▶ SUPPLIED DATA
-- Opening Marker --

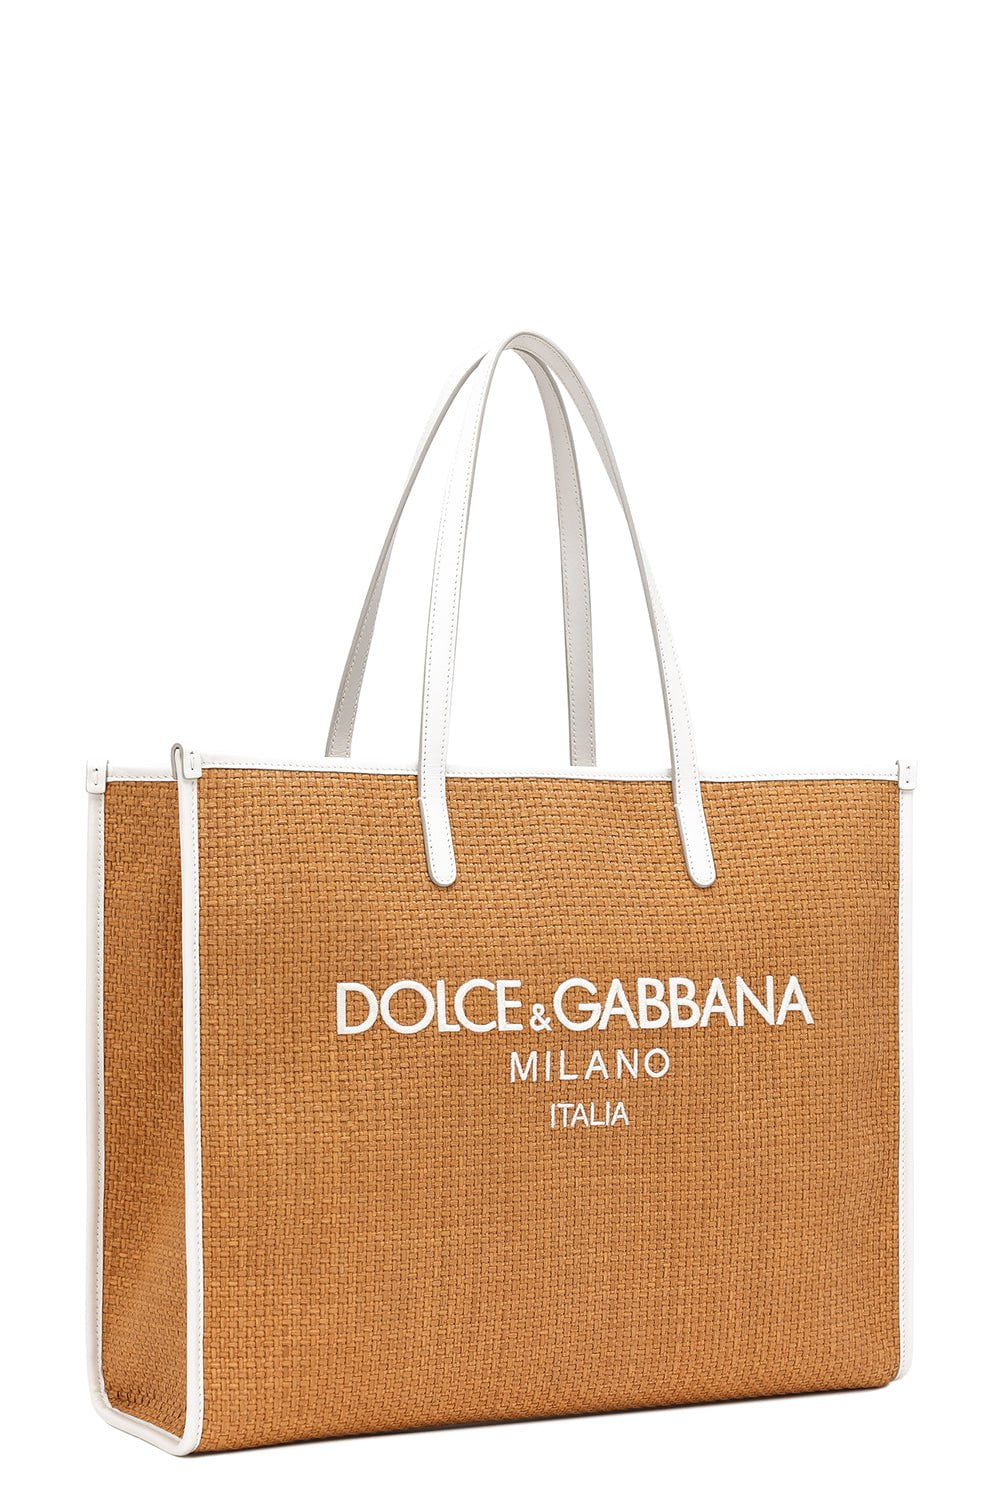 DOLCE & GABBANA-Large Shopper-MIELE/LATTE
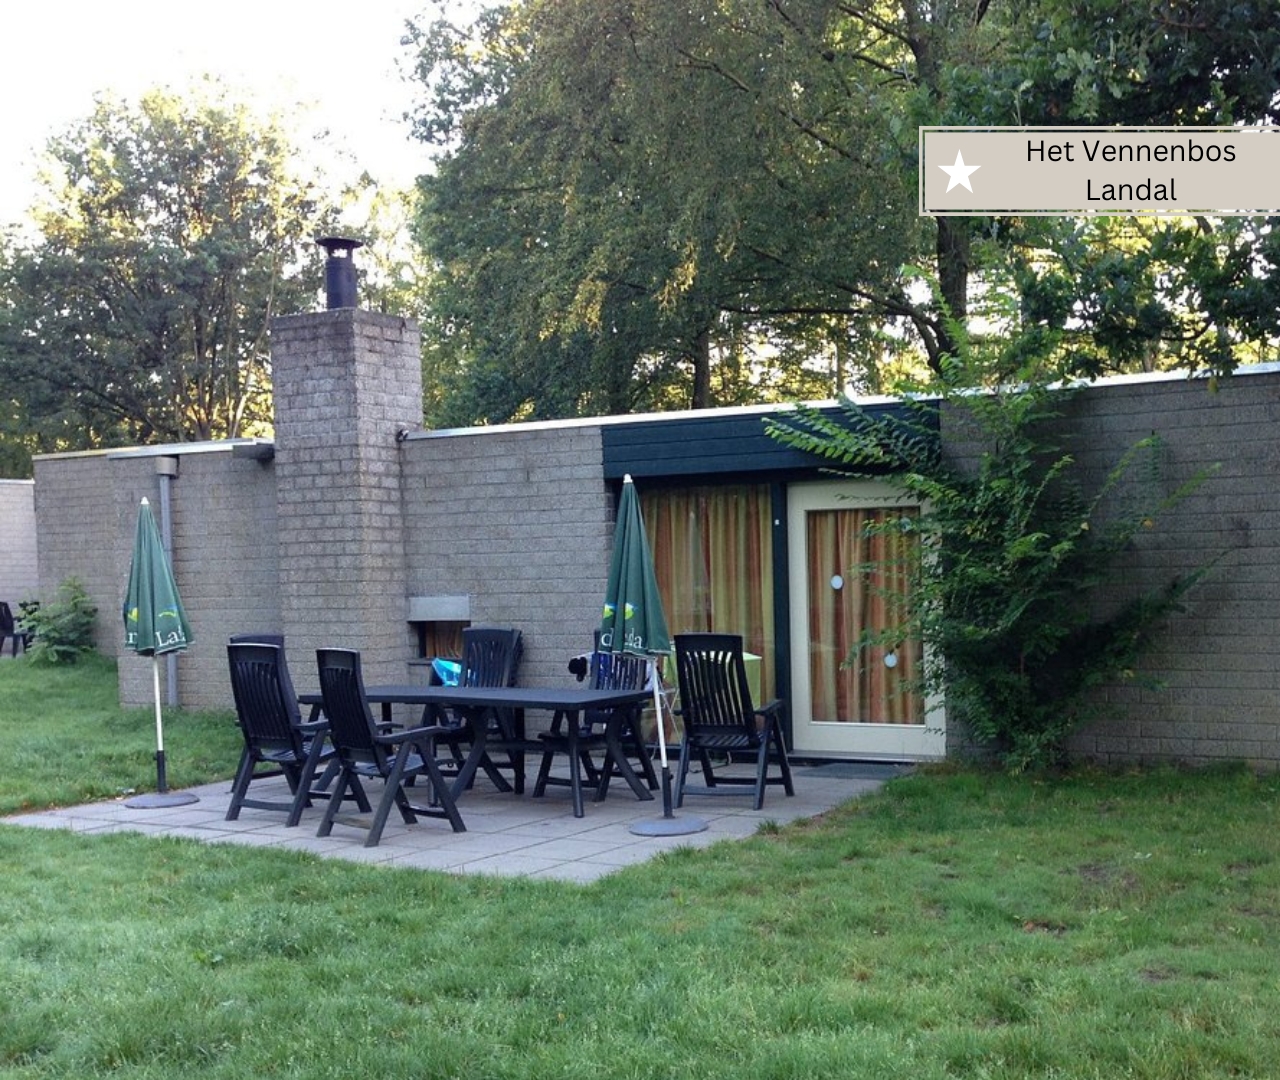 günstige und gute Ferienparks in Holland - Het Vennenbos (3)
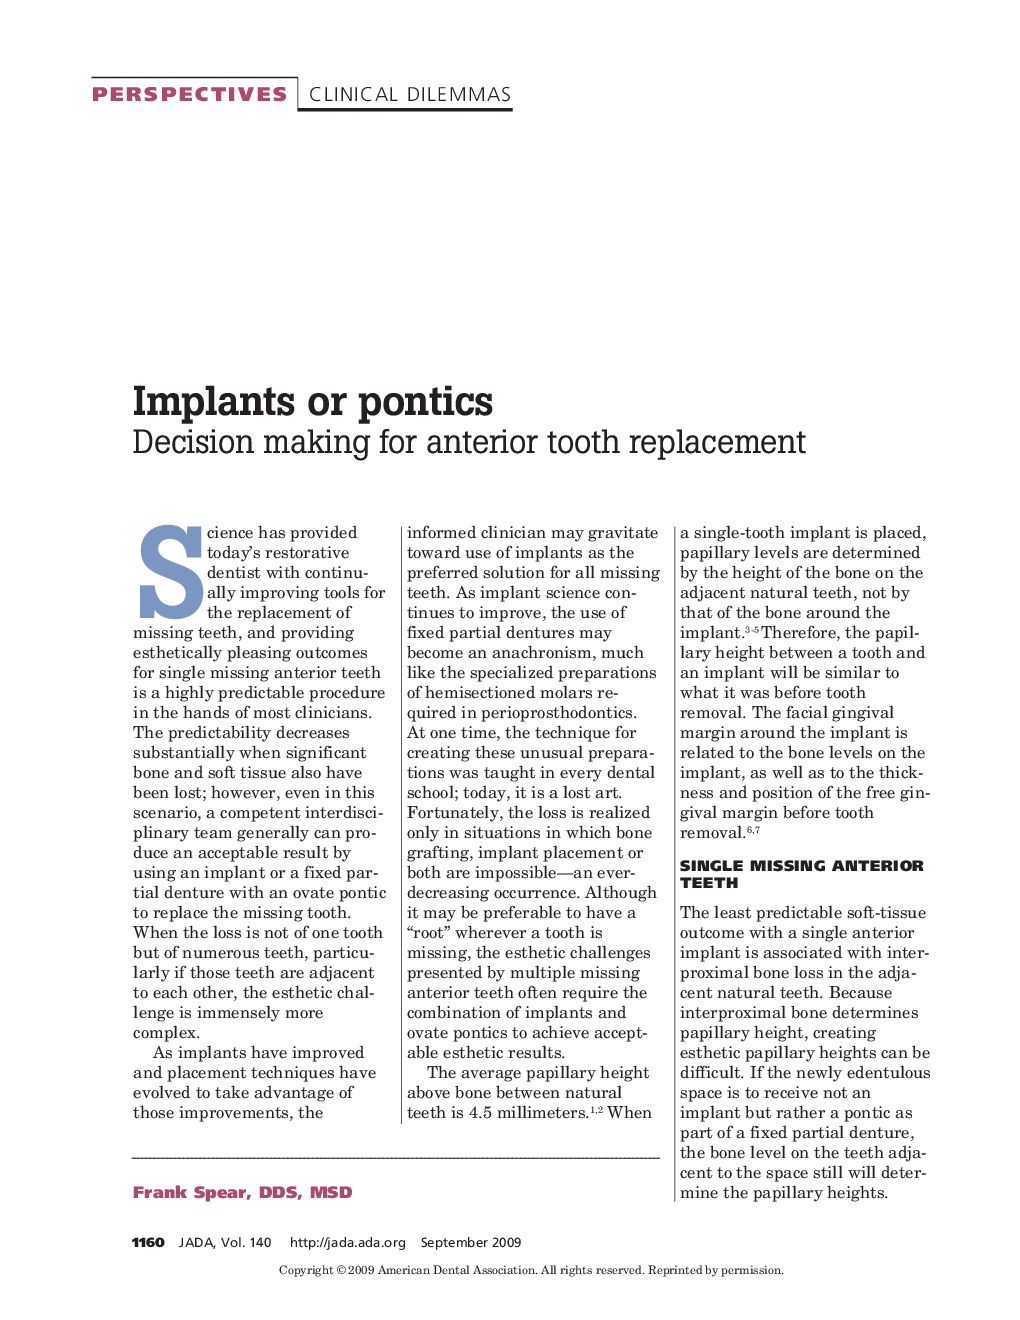 Implants or Pontics

-- Closing Marker --

▶ YOUR GOAL
After removing the pictures, transcribe the listing above exactly.

▶ ANSWER SPACE
 DOLCE & GABBANA-Large Shopper-MIELE/LATTE
 günstige und gute Ferienparks in Holland - Het Vennenbos (3)
 Implants or Pontics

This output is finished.